Wir befinden uns mitten in der Fastenzeit und schaut man auf die letzten Wochen, würde auch manch einem Journalisten und Klubverantwortlichen ein wenig mehr Zurückhaltung ganz gut stehen. Als am 14. Februar einige Fans des 1. FC Köln nach dem Spiel bei Borussia Mönchengladbach das Spielfeld im Borussia Park betraten (wir berichteten), hatten Anhänger von Borussia Dortmund sicherlich nicht damit gerechnet, dass sie in den folgenden Wochen auch eine Rolle in den Nachwehen der Aktion spielten. Ein Blick zurück und nach vorn:
“Je suis Boyz Köln" und der BVB: Meinungsfreiheit trifft künstliche Empörung
HotAls protestierende Reaktion der Kollektivbestrafung der Kölner Fangruppe "Boyz Köln" mit 45 Stadionverboten seitens des 1. FC Köln (sechs Verbote wurden wieder aufgehoben) und die breite mediale Vorverurteilung auf die Aktionen beim Spiel in Mönchengladbach, kreierten und zeigten (bei Auswärts- und Heimspielen) befreundete Ultras von Borussia Dortmund eine schwarze Fahne mit dem weißen Schriftzug "Je suis Boyz Köln" in Anlehnung an das Logo und dem politischen Slogan "Je suis Charlie", der nach dem Anschlag auf die französische Satirezeitschrift Charlie Hebdo am 7. Januar 2015 entstand und verbreitet wurde und sich als Symbol für Meinungsfreiheit etablierte.
Über die gestalterische Art und Weise der symbolischen Solidaritätsbekundung gegenüber den ausgesperrten Kölner Fans kann man sicherlich ein wenig diskutieren, aber über die "übertriebenen" Reaktionen des Vereins und einiger Medien noch mehr.

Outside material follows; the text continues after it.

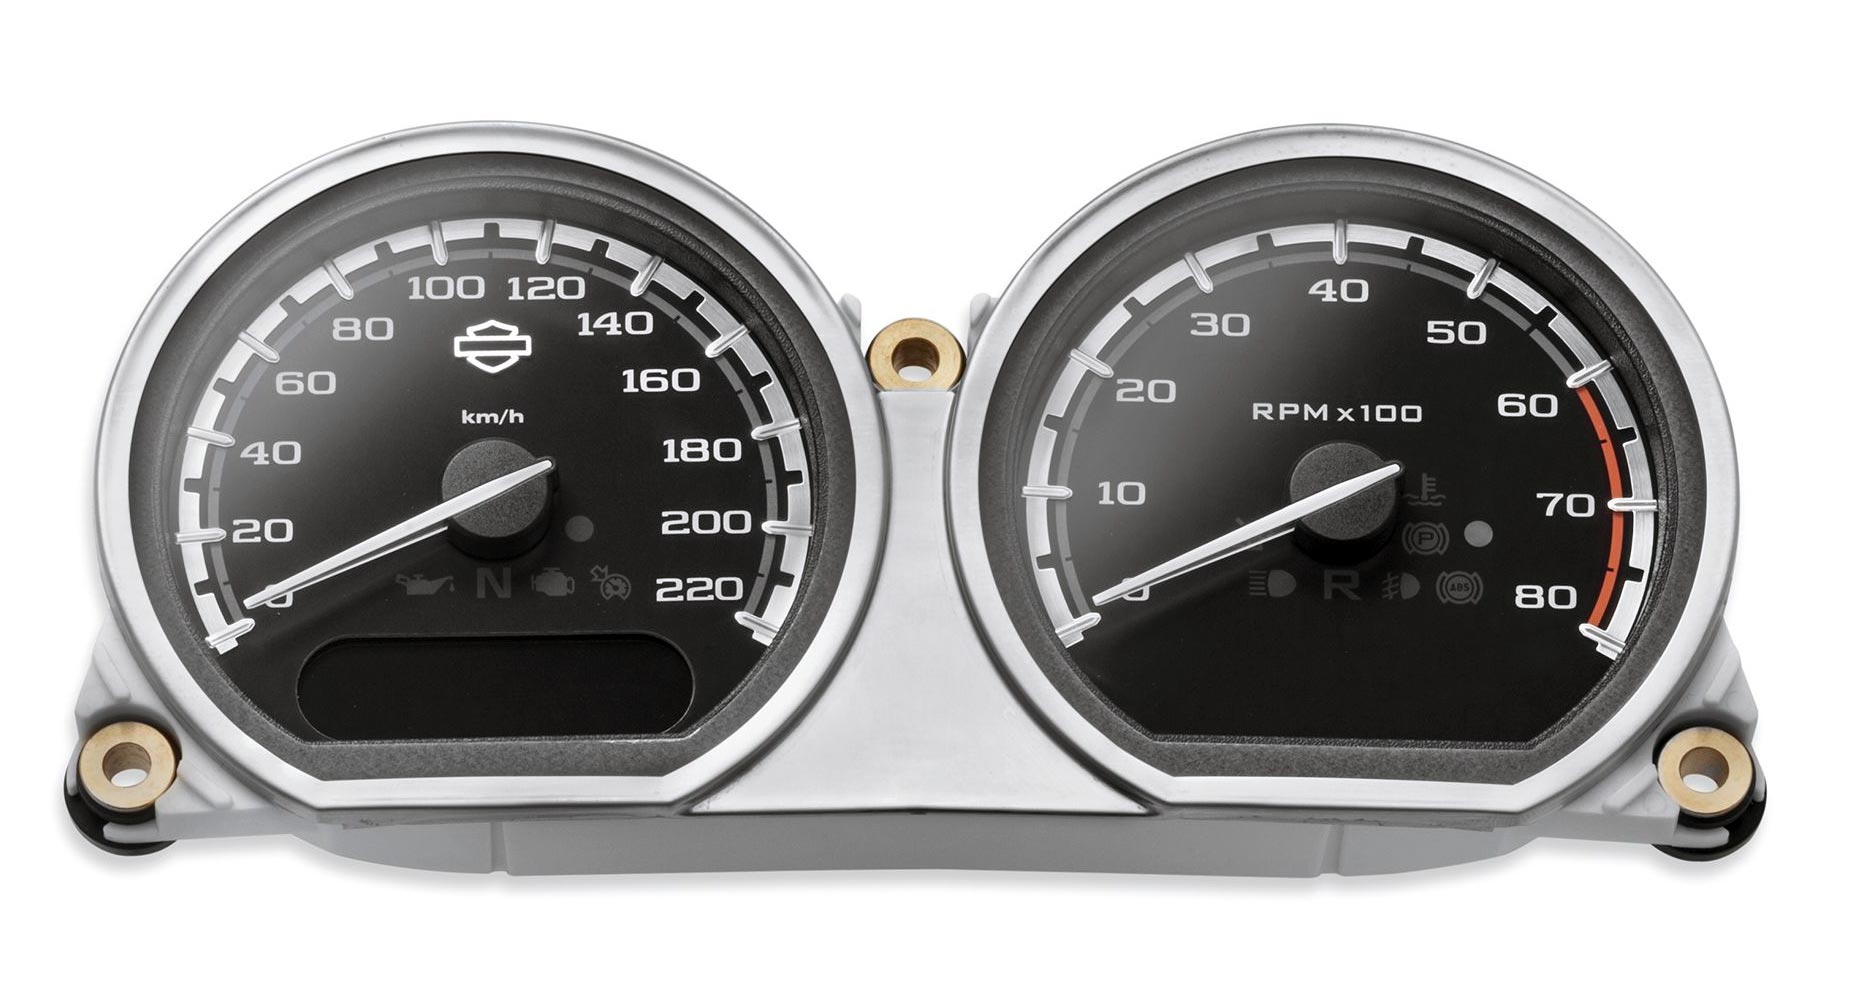 Individual dials for Harley Davidson - Heiler-Tachodesign Accessories, 9,99  €

So wurde das Zeigen der Fahne künstlich ins negative Licht gerückt, unter anderem mit der Feststellung, das Banner stelle eine "Verhöhnung der Opfer" des Terroranschlags in Paris dar. Sicherlich auch aufgrund des Drucks der Presse kündigte BVB Geschäftsführer Hans-Joachim Watzke in der Bild-Zeitung Stadionverbote als Bestrafung für diejenigen an, die die Fahne aufhängten. Dass der Klub-Boss mit der Drohung an der Fanbasis kaum Gehör findet, zeigt sich zum Einen daran, dass die Fahne immer noch bei Spielen hängt (zuletzt in Hamburg und Dresden) und zum Anderen, dass auch das Fanprojekt Dortmund, die nach eigenen Angaben kritisch gegenüber Aktionen der Gruppierung Boyz Köln stehen, sich in einer Stellungsnahme ganz klar gegen die Anweisungen vom Dortmunder Rheinlanddamm stellen: "Die Worte 'Je suis...' beinhalten keinerlei Gewaltverherrlichung oder strafrechtliche Relevanz und auch ist der Inhalt weder menschenverachtend noch in irgendeiner Form diskriminierend und steht somit auch nicht im Widerspruch zu unserem freiheitlich demokratischen Wertverständnis", heißt es in einer Mitteilung.
Dass das Zeigen der Fahne nichts mit den Vorfällen in Paris zu tun hat, sondern als kreativer Kommentar in Bezug auf die Vorkommnisse und Nachwirkungen rund um das Derby Borussia Mönchengladbach gegen den 1. FC Köln interpretiert werden kann, verstehen einige Journalisten in ihrer Gier nach Meinungsmache sowie Klick und Quote nicht. An jedem Spieltag werden unzählige Spruchbänder in den Stadien gezeigt. Ob witzig, provozierend oder geschmacklos - jeder hat sein eigenes Empfinden auf diese kreative Vielfalt, die auch ein Zeichen von Meinungsfreiheit ist. Nun soll also ein "unpolitisch" gemeinter Spruch aus dem Stadion verbannt werden, weil er nicht das Geschmäckle von ein paar Wenigen in ihrer Wohlfühlzone Stadion trifft. Ist das noch Meinungsfreiheit?
Zum Vergleich: Nach der Kollektivbestrafung der Kölner Fan-Gruppierung Boyz waren in den Stadien Sprüche wie "Gegen Kollektivstrafen – Pro Boyz Köln!" (Ultras / Hools Essen) oder "Für die Dummheit Einzelner bestraft - Kollektivstrafen lösen keine Probleme!" (Nordkurve Borussia Mönchengladbach) zu lesen. Sind diese Sprüche allen genehm? Oder setzt es mit einem Protest gegen Kollektivstrafen wieder neue Kollektivstrafen? Am kommenden Samstag wird die Fahne sicherlich wieder vor der Südtribüne in Dortmund hängen, denn dann gastiert der 1. FC Köln im schwarz-gelben Fußballtempel (14.03. 18:30 Uhr) auf den Tag genau 4 Wochen nach BMG.